The tax year is almost over. What can I do to structure my business and personal finances so that they are as tax efficient as possible?
The end of the tax year on 5th April is fast approaching, and this is always a good time of year to think about ways to structure your business and personal finances so that they are as tax-efficient as possible. With new rates and various legislative changes due in the 2017/18 tax year, here are some of the planning strategies you might wish to consider:
Utilise personal allowances
Every individual has their own tax-free personal allowance for income tax purposes, which for 2016/17 is £11,000. Where a spouse or partner has little or no income, transferring income or income-producing assets to them can help to make the best use of their personal allowance. However, take care to avoid falling foul of the settlements legislation governing ‘income shifting’, and consider the legal consequences of transfers.

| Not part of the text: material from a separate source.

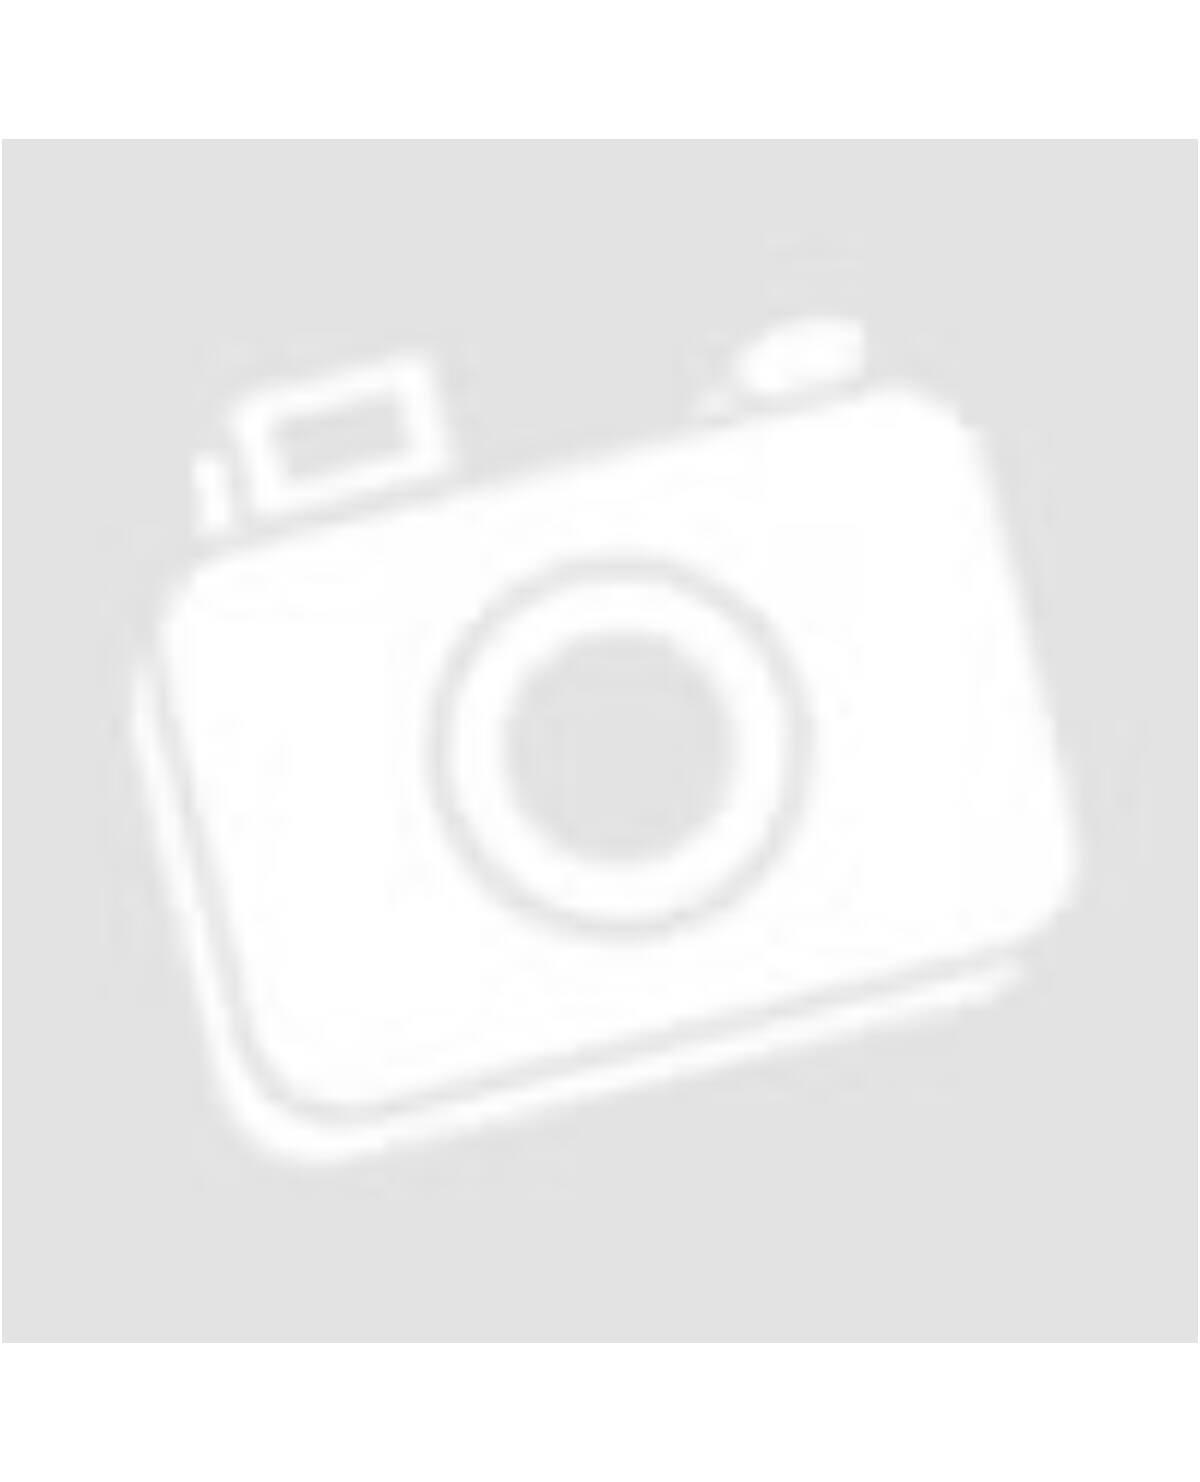 Radics Peti Nem lopott női póló
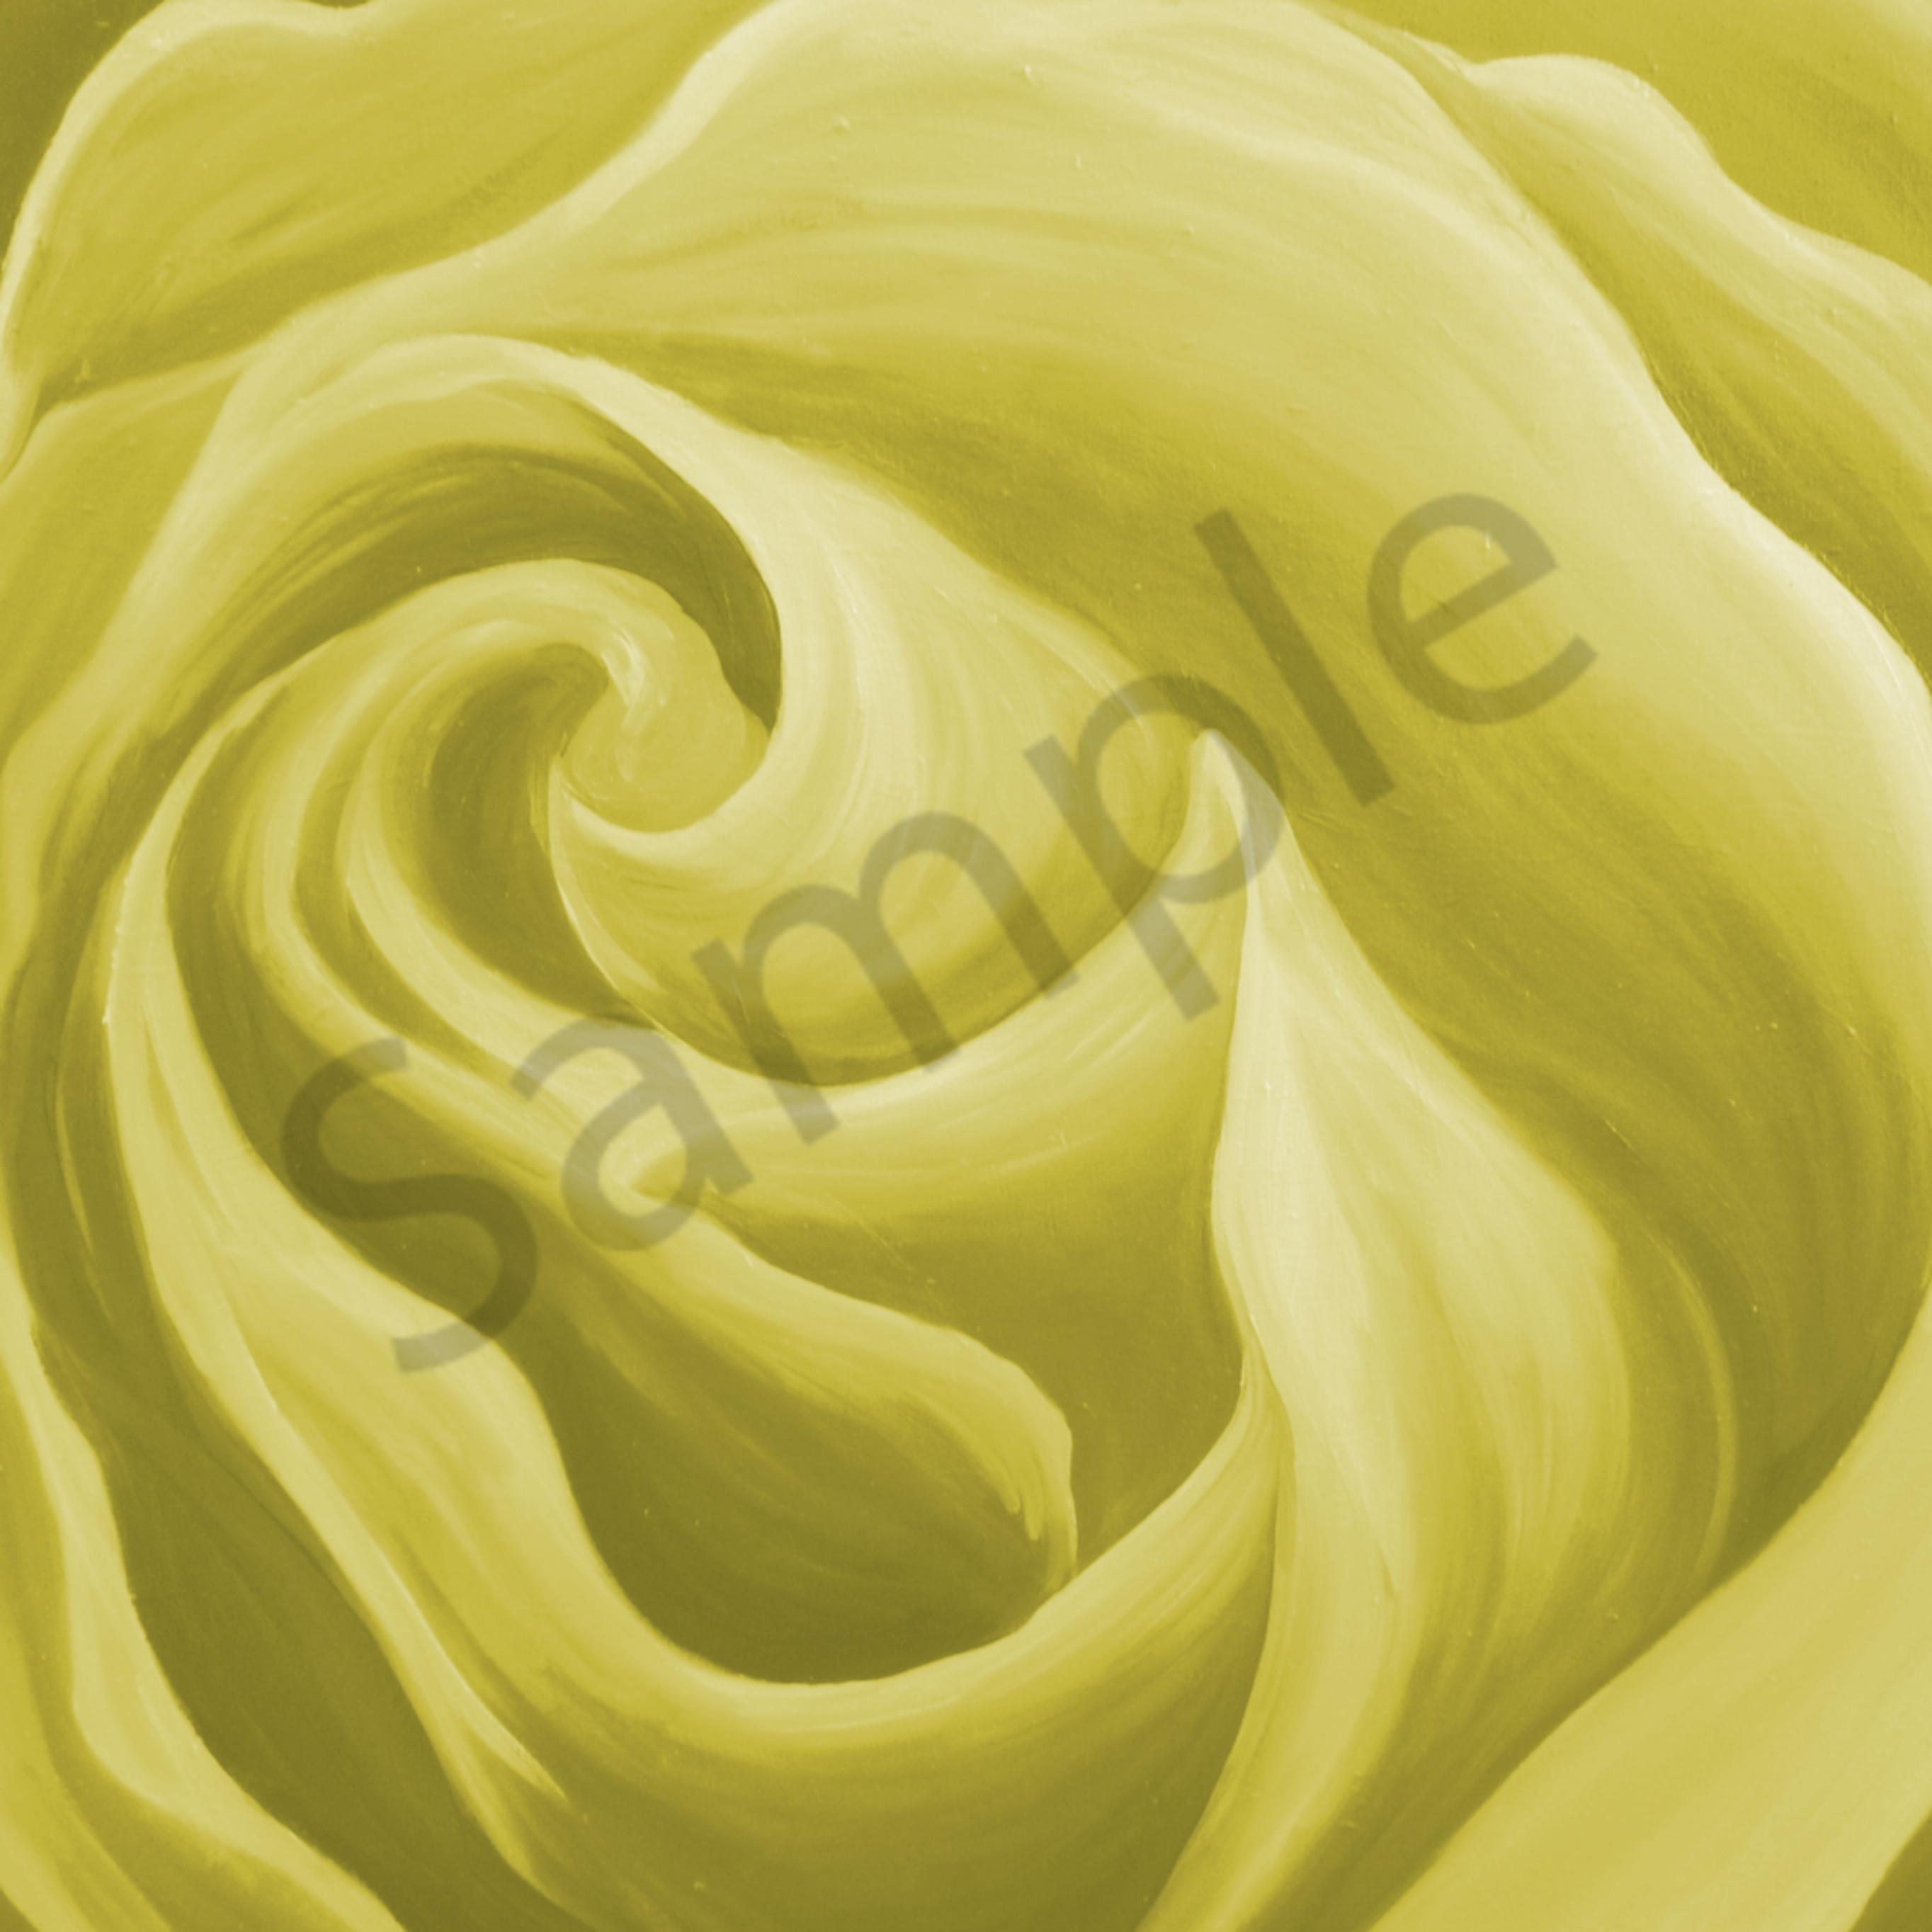 Light yellow rose k8jvou

Meanwhile, the Marriage Allowance means that, in this tax year, up to £1,100 of an individual’s personal allowance may be transferred by eligible spouses and civil partners to their husband, wife or civil partner, where neither pays tax at the higher or additional rate This can reduce their tax bill by up to £220.
Beware of the ‘hidden’ income tax rate
In 2016/17 the 40% higher rate of income tax begins when your taxable income exceeds £32,000. However, if your income exceeds £100,000 you could actually be liable to an effective rate 60%. This is because your personal allowance is clawed back by £1 for every £2 by which your adjusted net income exceeds £100,000.
Extracting business profits: dividend or salary/bonus?
When it comes to extracting profit from your company, it is important to consider both the tax and business implications of the various options available. The question of whether it is better to take a salary/bonus or a dividend requires particular careful consideration. A dividend is paid free of national insurance contributions (NICs), whilst a salary or bonus can carry up to 25.8% in combined employer and employee contributions. However, a salary or bonus is generally tax deductible for the company, whereas dividends are not. The 5th April 2017 is the last date for paying a 2016/17 dividend, and any higher or additional rate tax on that dividend will not be due until 31 January 2018.
Company car considerations
Despite increases in tax charges, company cars remain a popular benefit for many employees’ and a key business tool for employers. However, tax and national insurance costs could mean that the company car is not the most tax-efficient option for either employer or employee. The basis for taxing those who use company cars is to tax a figure calculated by multiplying the car’s list price by an emissions-based percentage (the ‘appropriate percentage’), with a 3% surcharge on diesel powered cars. Where the employer pays for any fuel used privately by the employee, there is an additional benefit charge calculated by applying the C02-based car benefit percentage to the car fuel benefit charge multiplier of £22,200. You might want to consider carrying out a complete review of your company car policy, as it could prove more beneficial to pay employees for business mileage in their own vehicles at the statutory mileage rates. In some cases, an employer provided ‘van’ may be a viable alternative to a company car.
These are just some of the areas where you may be able to minimise your tax bill before the end of the tax year on the 5th April 2017.
The advice above is specific to the facts surrounding the questions posed. Neither FPM nor the contributors accept any liability for any direct or indirect loss arising from any reliance placed on replies.